Дзюндзя вновь повторил то, что уже рассказывал Нератову, а затем пожаловался на Врангеля. Он не только не стал с ними разговаривать, но даже едва не выгнал их взашей.
— Я понимаю вас, — сочувственно сказал комиссар. — Весна. День год кормит. Так, кажется, у вас говорят? У меня родители тоже фермеры, я знаю ваш крестьянский труд.
— Мы не крестьяне. То есть среди нас есть и крестьяне. Но мало, — сказал крепенький бородатый мужичок в очках, отобранный адъютантом — Я, для примера, до войны выучился, маркшейдером на шахтах работал. Оттудова, с Донбассу, когда немец на нас попер, меня и мобилизовали.
— Я хорошо понимаю шахтеров, — снова посочувствовал комиссар. — Тяжелый труд! У меня родной брат всю жизнь в шахте проработал. В Эльзасе. Вы что-нибудь слышали об Эльзасе?
— Нам бы лучшее шо-нибудь про Рассею услыхать! — Дзюндзя почувствовал, что грамотный шахтер несколько отодвинул его от переговоров о главном и испугался, что комиссар начнет им долго рассказывать о тяжелом труде шахтеров в Эльзасе. Их же интересовало совсем другое: — Як там теперь? Стреляють, чи нет? Якое до нашего брата — белого солдата — при Советах отношение? Ходять слухи, шо полную амнистию объявили. Листовки прислали. А от як обстоить на самом деле? Може, шо присоветуете?
— Да-да, понимаю вас. У Франции нормализуются отношения с Советской Россией. Мое правительство обязалось возвращать на Родину всех русских беженцев, независимо от того, воевали они или нет.
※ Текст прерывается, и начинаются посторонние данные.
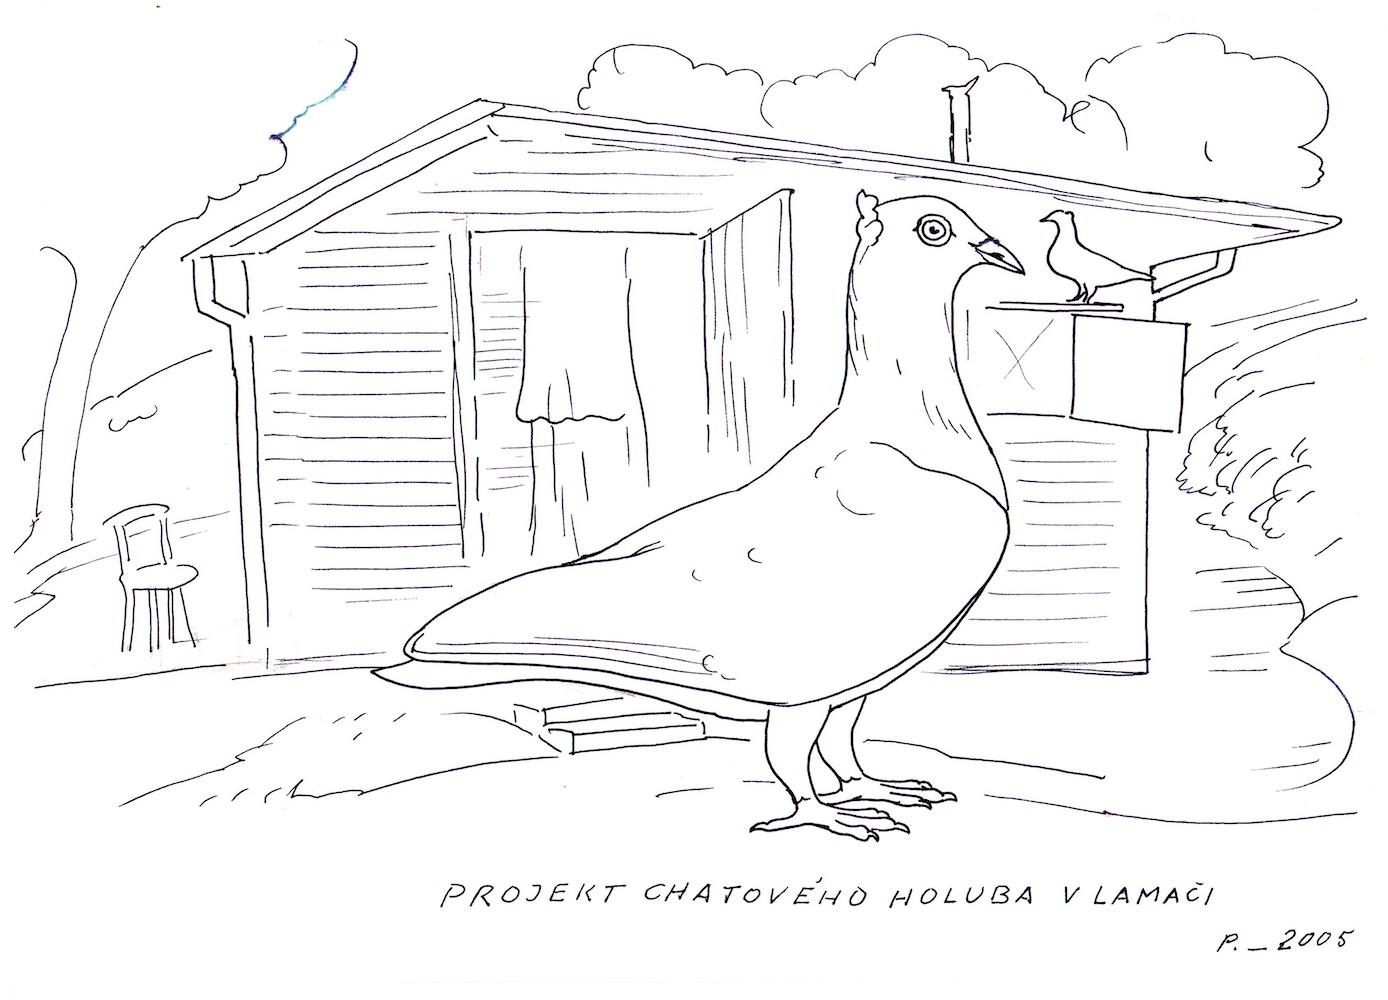 2005, Projekt chatového holuba v Lamači, obojstranná kresba, 29,5x20 cm

— Хотелось бы знать, як нас там примуть? Може, сразу до стенки? — спросил еще один из тех трех, отобранных адъютатом, совершенно лысый.
— Вы в чем-то провинились?
— А то вже не важно, шо я про сэбэ думаю. Важно, як оны про мэнэ решать, — обстоятельно ответил лысый.
— Не надо ничего бояться, — сказал комиссар. — Я подтверждаю, действительно объявлена амнистия. И вы все подпадаете под нее. Естественно, определенные беседы с вами будут проведены.
— В том собака и зарыта, — сказал маркшейдер.
— Обычная процедура. Так поступает любое государство.
— Речи-то у вас сладки. А як все на самом деле будет? — спросил Дзюндзя.
— По моим сведениям, после окончания войны никаких притеснений на бывших своих противников советские власти не оказывают. Так что можете смело возвращаться.
— Ну, а як это сделать практически?
— Объясняю. В ближайшие дни в Советскую Россию отправится турецкий пароход «Решид-Паша». С турецкими властями все согласовано. Составьте список желающих уехать домой. Мы всячески вам поспособствуем.
— С турками, энто понятно. А ну, если Врангель рогами упрется?
— И с Врангелем все улажу, — пообещал комиссар.
— Ну, шо ж! Спасибо вам на добром слове, — поблагодарил комиссара Дзюндзя.
— А вам: счастливого пути! — и комиссар каждому из делегатов пожал руку.
Они вышли на улицу, где их с нетерпением ждали товарищи.
— Ну, шо? — спросили из толпы.
— Благословыв.
— Ну, а если Врангель не согласится. Он с фанаберией.
— Пообещав, шо договорятся. Оны — из одной конторы. Як говорится: ворон ворону глаз не выклюет.
Под вечер того же дня комиссар пригласил к себе Врангеля. Пеллё был настроен решительно. После выговора, полученного им из Франции о его безделье, ему хотелось как можно быстрее отправить в Советскую Россию хотя бы один корабль с реэмигрантами, чтобы показать французскому правительству, что он здесь, в Константинополе, не зря ест казенный хлеб.
— Сегодня у меня была делегация ваших русских, которые изъявили желание вернуться на Родину.
— Я их не принял, — сообщил комиссару Врангель. — Это в большинстве своем дезертиры, которые подлежат военно-полевому суду.
— Хочу напомнить вам, генерал, что война кончилась, и вы — не в России, где были вольны поступать так, как вам захочется. Здесь же все — и гражданские, и военные лица — находятся под протекцией моей республики, — и затем добавил. — Я пообещал им свое содействие. Надеюсь, вы не станете этому препятствовать.